> _TASK PROMPT_: Line for line, return the data exactly, omitting all pictures.

> _INFORMATION SHOWN_:
● ● ● ●

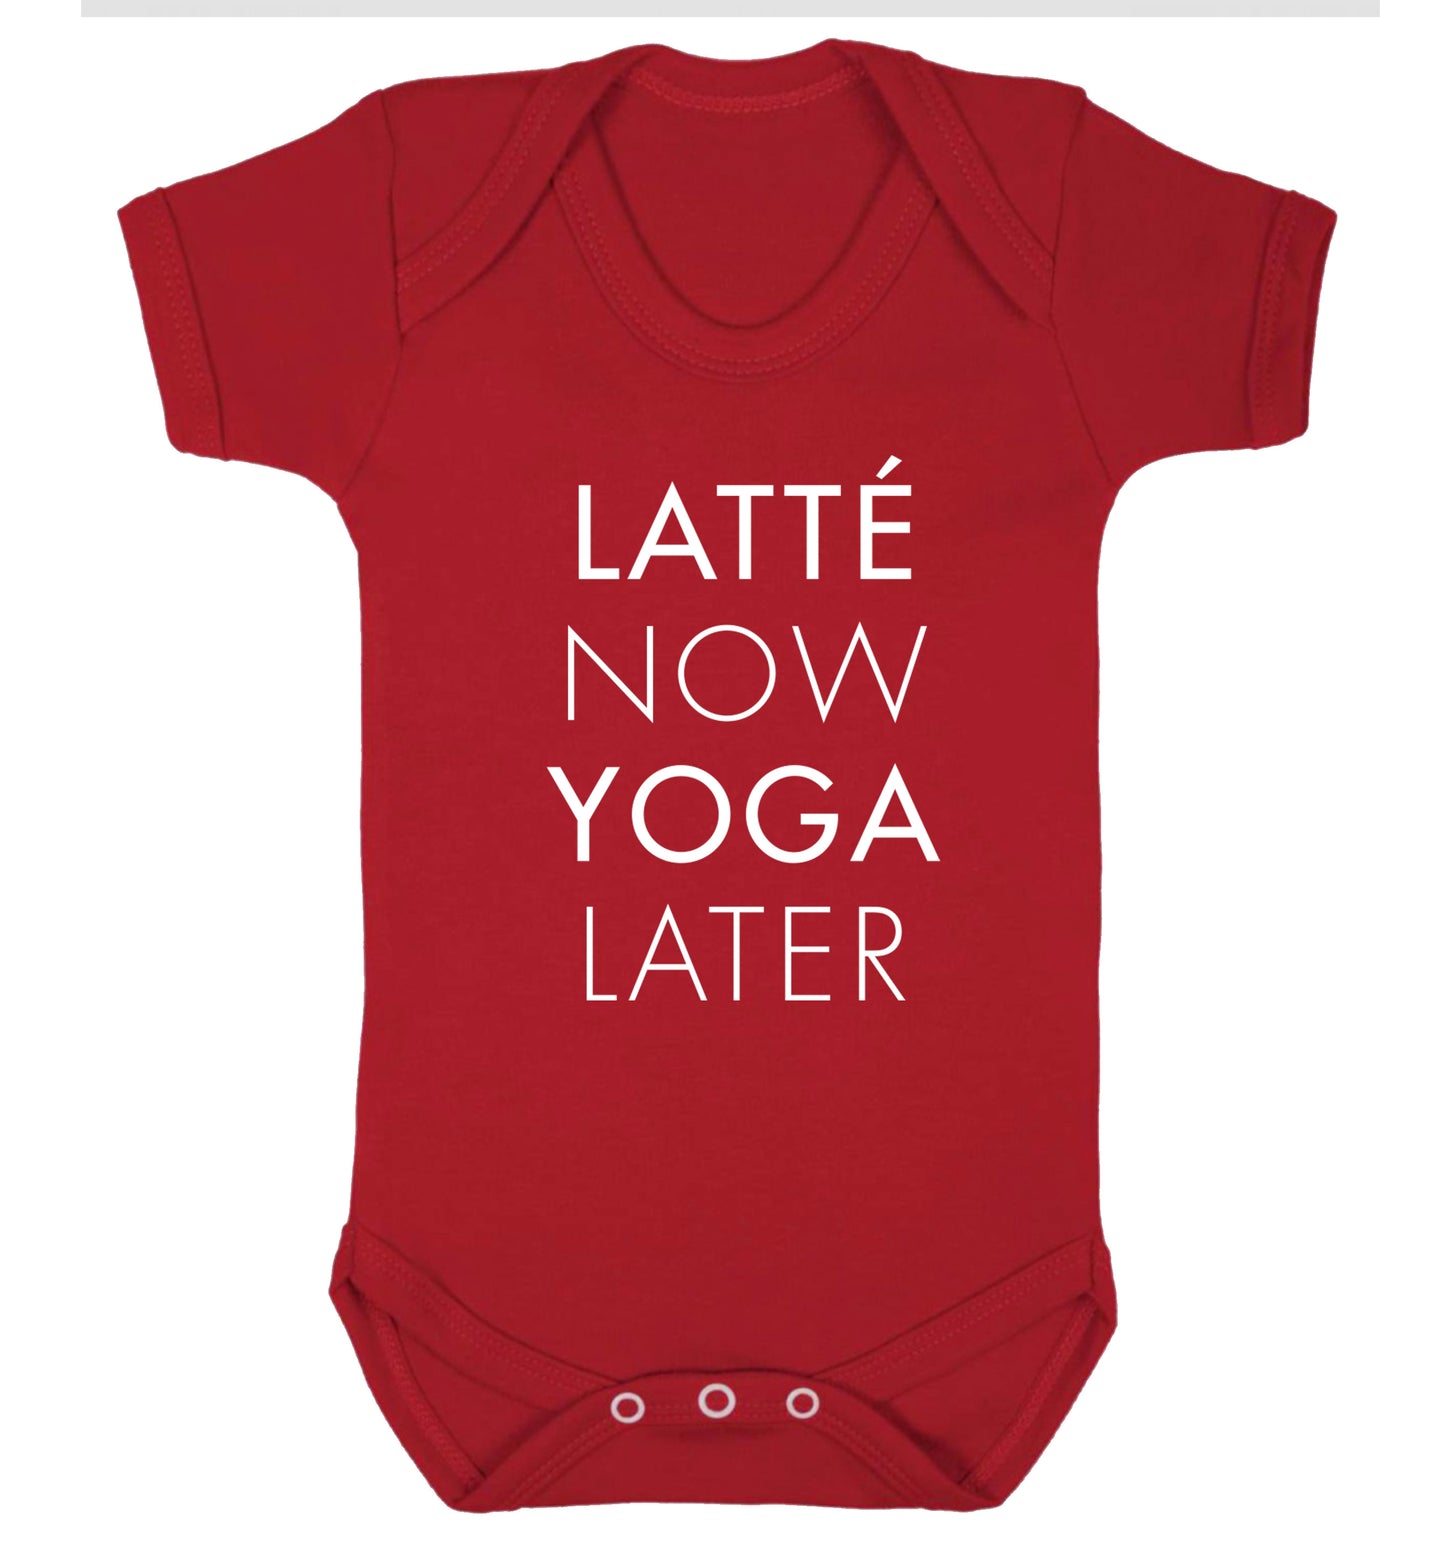 Latte now yoga later Baby Vest red 18-24 months
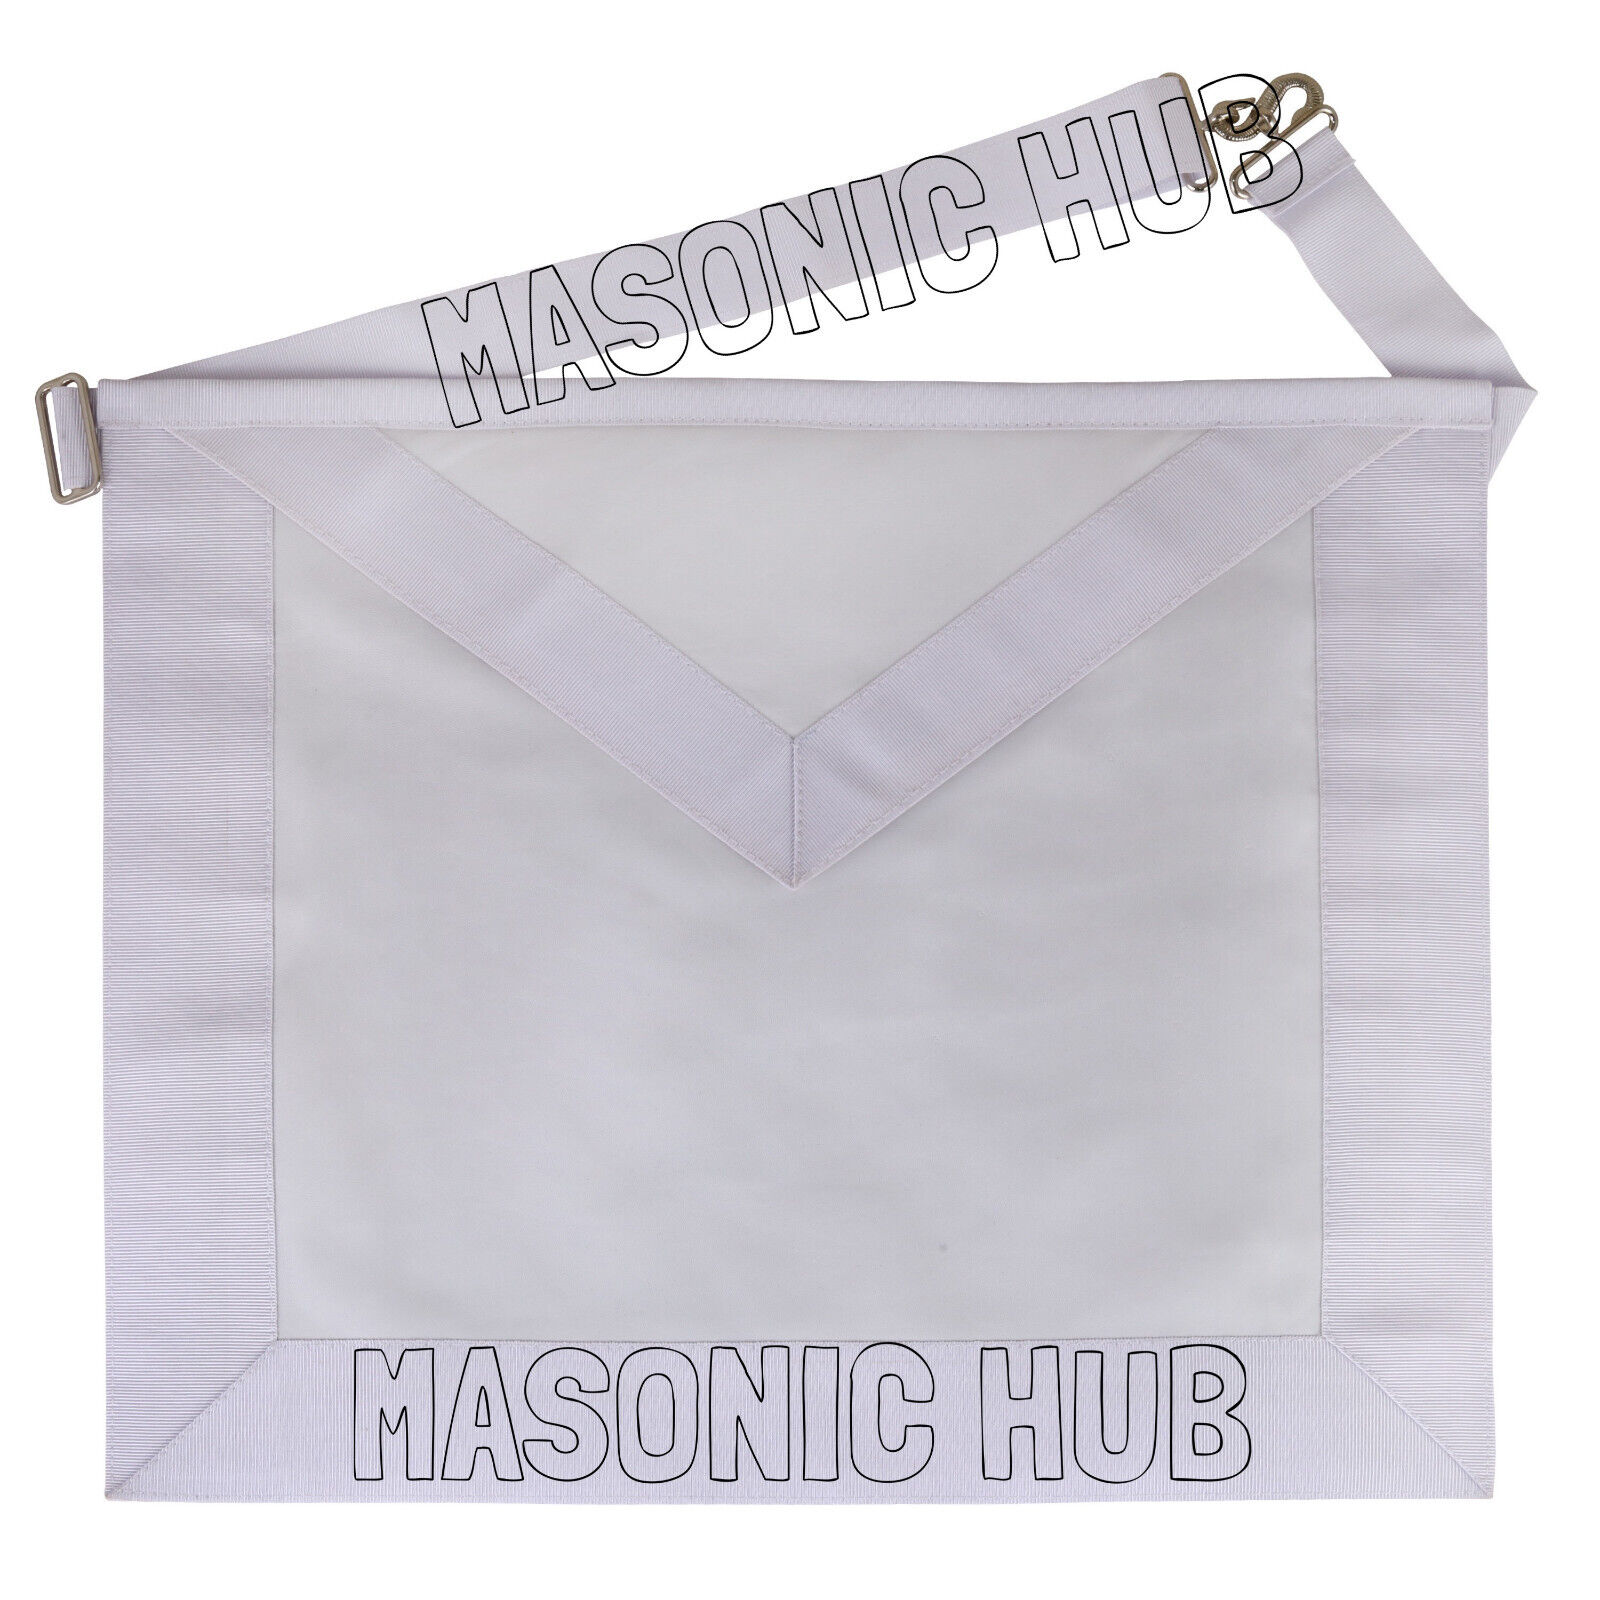 MASONIC CANDIDATE / ENTERED APPRENTICE SHEEP LEATHER APRON ALL WHITE
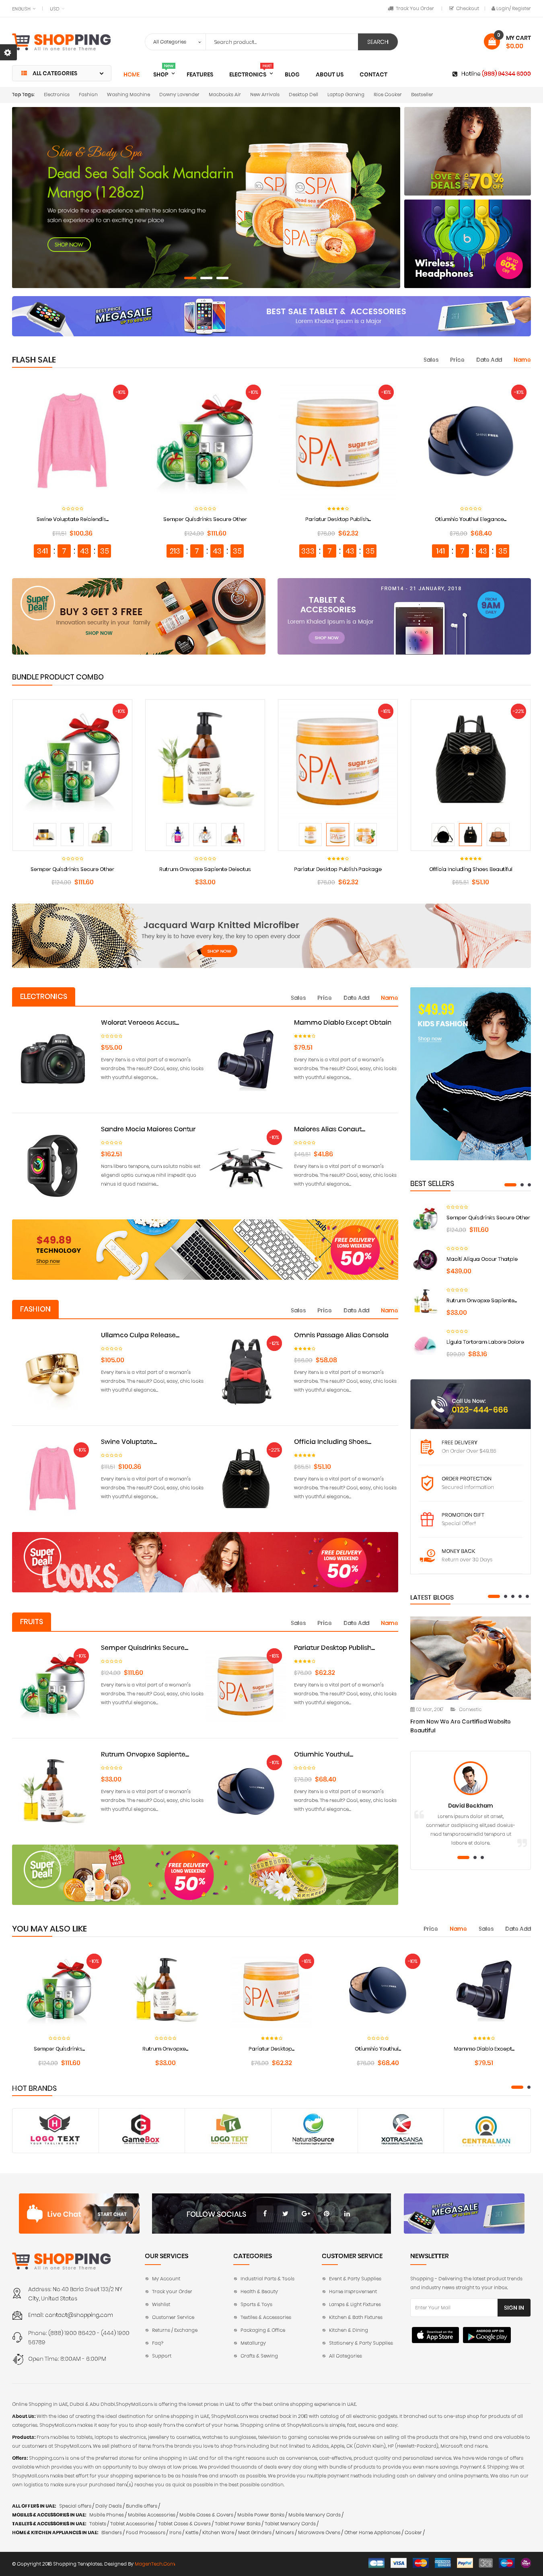 Shopping - Clean Multipurpose Responsive PrestaShop 1.7 eCommerce Theme - Top Prestashop themes for large inventory stores

● ● ● ●

> _ANSWER BOX_:
 Latte now yoga later Baby Vest red 18-24 months
 MASONIC CANDIDATE / ENTERED APPRENTICE SHEEP LEATHER APRON ALL WHITE
 Shopping - Clean Multipurpose Responsive PrestaShop 1.7 eCommerce Theme - Top Prestashop themes for large inventory stores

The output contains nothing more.